Ülkede üç farklı resmî dil var:
İskoçya, Britanya Krallığı’nın bir parçası olduğu için hâliyle ilk resmî dil elbette İngilizce. Diğer diller ise İskoç Galcesi ve İskoçça. İskoçça İngilizceye yakın bir dil ama İskoçların kendi dilleri olarak kabul ettiği bir tür Cermen dilidir. İskoç Galcesi ise Eski İrlandaca ile benzerlik gösteren eski bir Kelt dili. Tabii bu dillerin resmî dil olması tüm halkın bu dilleri bildiği anlamına gelmiyor. İskoç aksanına alışık değilseniz konuştukları İngilizceyi anlamanız biraz zor olabilir.
Mistik varlıklarla aranız iyiyse İskoçya tam size göre:
Eğer uzaylıların filmlerde olduğu gibi yalnızca ABD’de göründüklerini düşünüyorsanız yanılıyorsunuz, bu işin asıl merkezi İskoçya’daki Bonnybridge bölgesi. Kasabalıların iddia ettiğine göre her yıl gökyüzünde yüzlerce tanımlanamayan cisim görüyorlar. Tabii bu iddiaların amacı küçük kasabalarına turist çekmek de olabilir, günahları boyunlarına.

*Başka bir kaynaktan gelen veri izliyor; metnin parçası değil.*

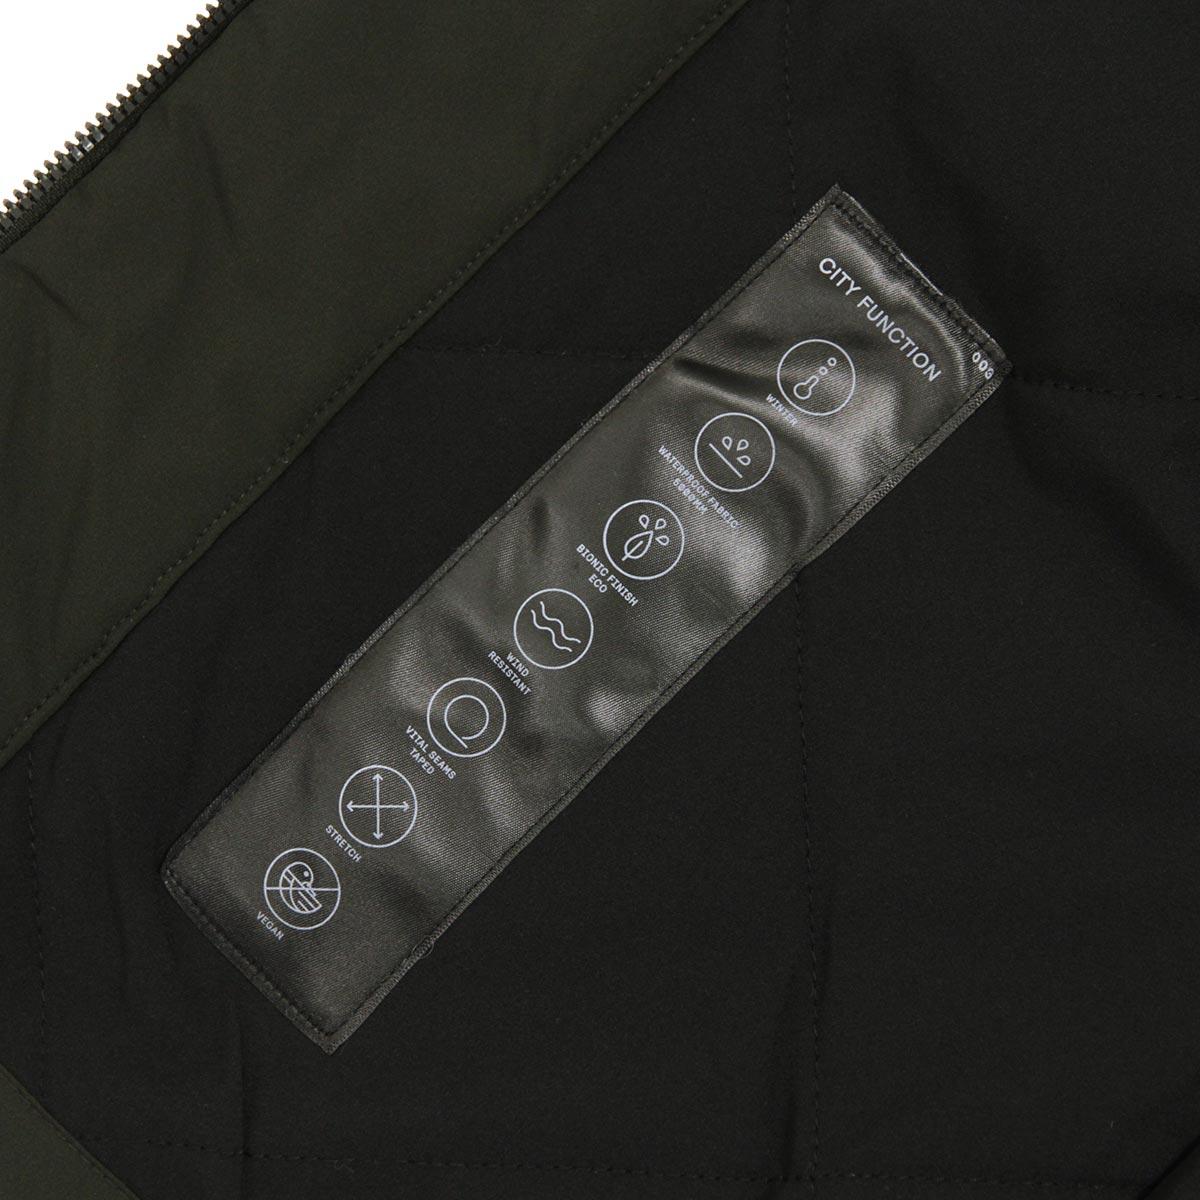 エルバイン アウター メンズ 正規販売店 elvine ジャケット ナイロンジャケット COLE NYLON JACKET 193004 355 GREEN KHAKI A91B B1C C1D D4E E05F

‘Uzaylı kesmedi daha mistik bir şeyler lazım.’ diyorsanız sizi Edinburgh Kalesi’ne alalım. Söylenenlere göre gecenin bir vakti davul sesleri duyuluyor ve eski zindandan zincir sesleri geliyor. Hatta şehirde terk edilmiş olan 44 kalede de benzer şeyler yaşandığı söyleniyor. Perisi, uzaylısı eksik olmayan bu ülke korku turizmi sayesinde oldukça iyi bir kazanç sağlıyor.
Ekoseli etekler giyip gayda çalan adamlardan çok daha fazlasına sahip İskoçya hakkında bazılarını ilk kez duyduğunuz ilginç bilgilerden bahsettik. Perili kale olayı biraz gerdi ama adaları görmek güzel olabilir.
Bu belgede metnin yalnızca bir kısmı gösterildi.